FOMC Announcement Stats

fomc-day-chart-december-17-2013

This is one of the most hotly anticipated FOMC Meeting Announcements in recent memory. Expectations are split between whether the Fed will begin tapering right away or holding off until next year. Divisive events make for market volatility, so I thought it would be a good time to revisit some precedents for FOMC day trading.

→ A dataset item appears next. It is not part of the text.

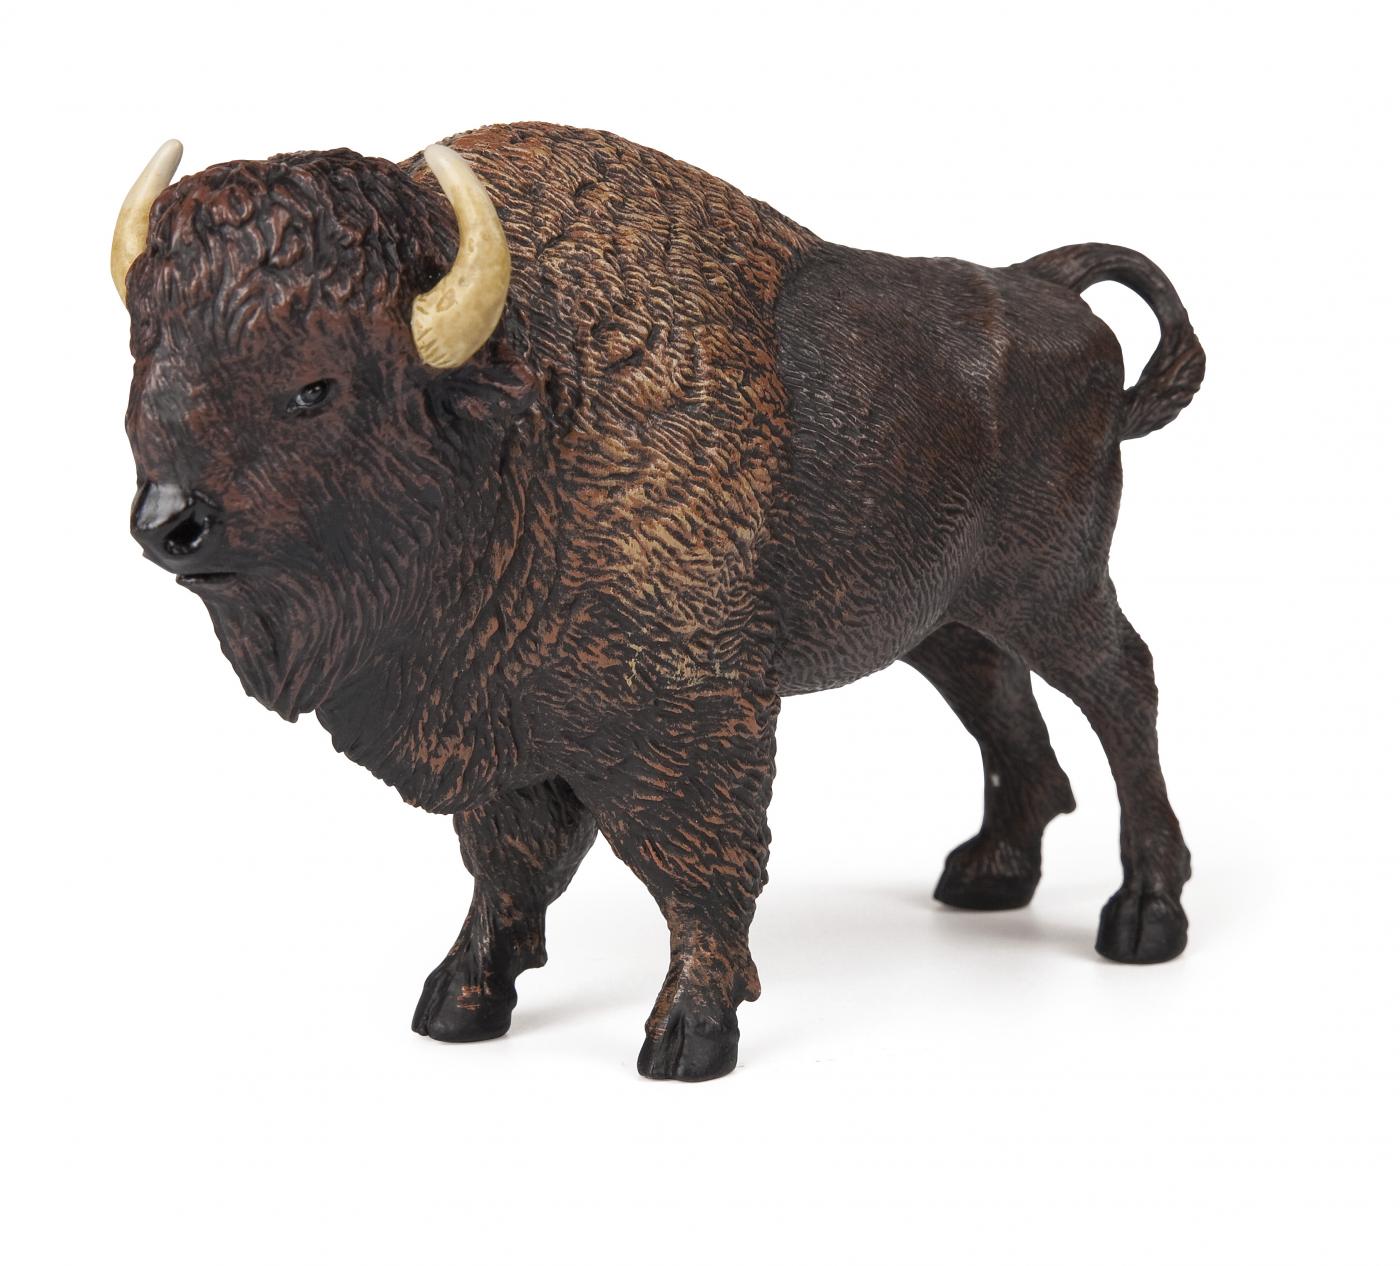 Papo 50119 American Bison - animal figures at

Below are the $SPY intraday patterns which are most common over the last two years. Without getting too philosophical the most common patterns for the broad market are bearish. I’ve highlighted after the 2PM release time for emphasis.

fomc-day-december-17-2013

Pattern 1: Following a down trending session, new post-announcement lows continue to sell off into or near the close of the session.  NOTE: This is very close to how the last FOMC day played out (October 30, 2013).

Pattern 2: Up trending market early in the session makes a intraday high on the announcement and sells off the the rest of the session.

Pattern 3: Similar to Pattern 2 except with more two-way volatility.

Pattern 4: Similar to Pattern 2 except peaking slightly after the announcement.

We look for confluence in patterns and overall market direction. Have a look at the above chart and observe the market in real-time for the best insight.

Below are the statistics (post-announcement period) from the perspective of the long side.

fomc-day-stats-december-17-2013

The outlier would definitely be if something new was announced that took the market by surprise. Although, from the data we have it seems that whatever the Fed announces, the initial reaction is disappointment. Longer-term, the market is happy to get free money.